GuillaumeHolley commented 4 years ago

Hey @hp2048,

It could be a Flye issue. But from the look of it, I would say that your FMLRC corrected reads are not "correct" enough to be used with the flag --pacbio-corr which assumes an error rate below 3%. It was probably borderline okay for your first data set, the one which was successfully assembled with low quality, but not enough for the second data set. Probably if you try assembling the FMLRC corrected PacBio reads that have already successfully assembled with low quality but using --pacbio-raw rather than --pacbio-corr, you will notice a quality improvement over the raw assembly. Or you can just compute the error rate of your PacBio data sets before and after correction to see where you stand.

Cheers, Guillaume

hp2048 commented 4 years ago

@GuillaumeHolley : Thank you for your kind help. I have only done spot checks on the error rates after correction and reads do align to the reference genome at >99% identity when and where they align. However, as you suggest, it would be a good idea to understand the error rates of FMLRC corrected reads.
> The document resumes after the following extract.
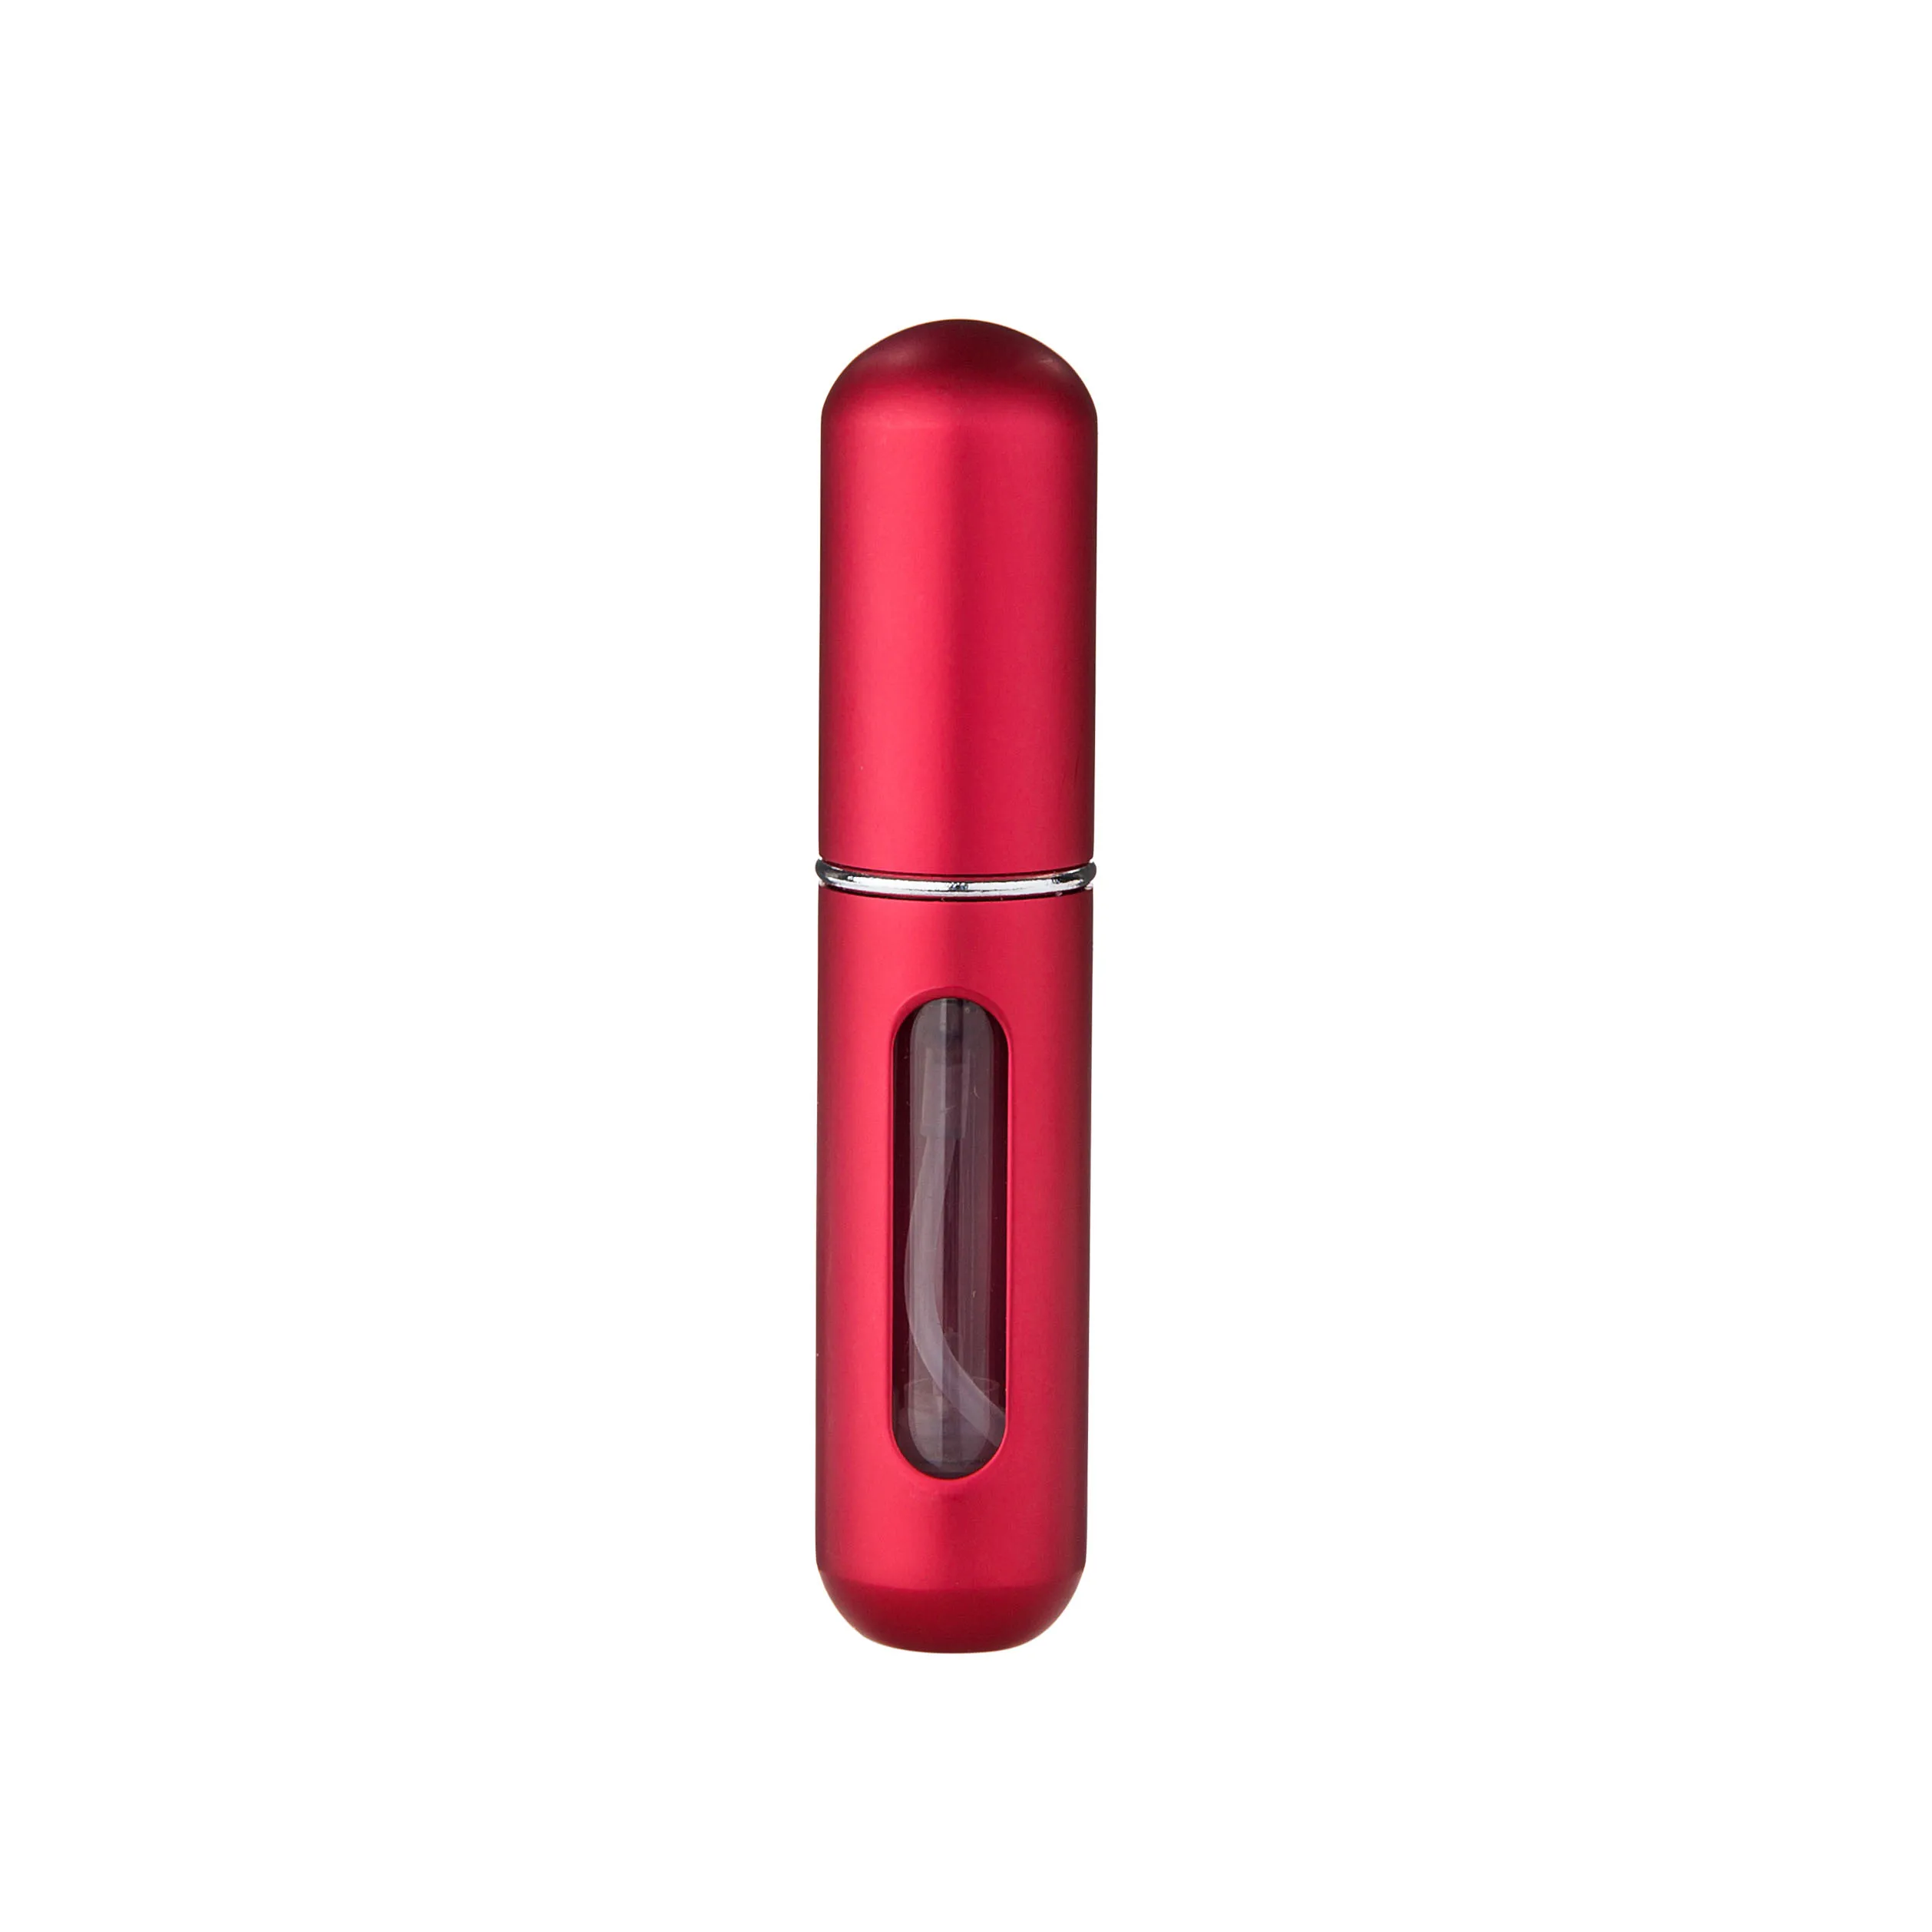 MUBTF-5 мл портативный мини многоразовый флакон духов с распылителем ароматизатор насос пустые косметические контейнеры распылитель бутылка - Цвет: red

mikolmogorov commented 4 years ago

Hi @hp2048,

Flye expects <3% error rate in -corr mode, and <1% in hifi mode. If these assumptions are not true, we can't guarantee anything will be assembled.

I think most likely something might be wrong with reads corrected by FMLRC. Since I am not the author of that tool, I don't know what to suggest. I would try to assemble using raw reads (which is the recommended option anyways). For your second sample, raw reads mode clearly produced better results.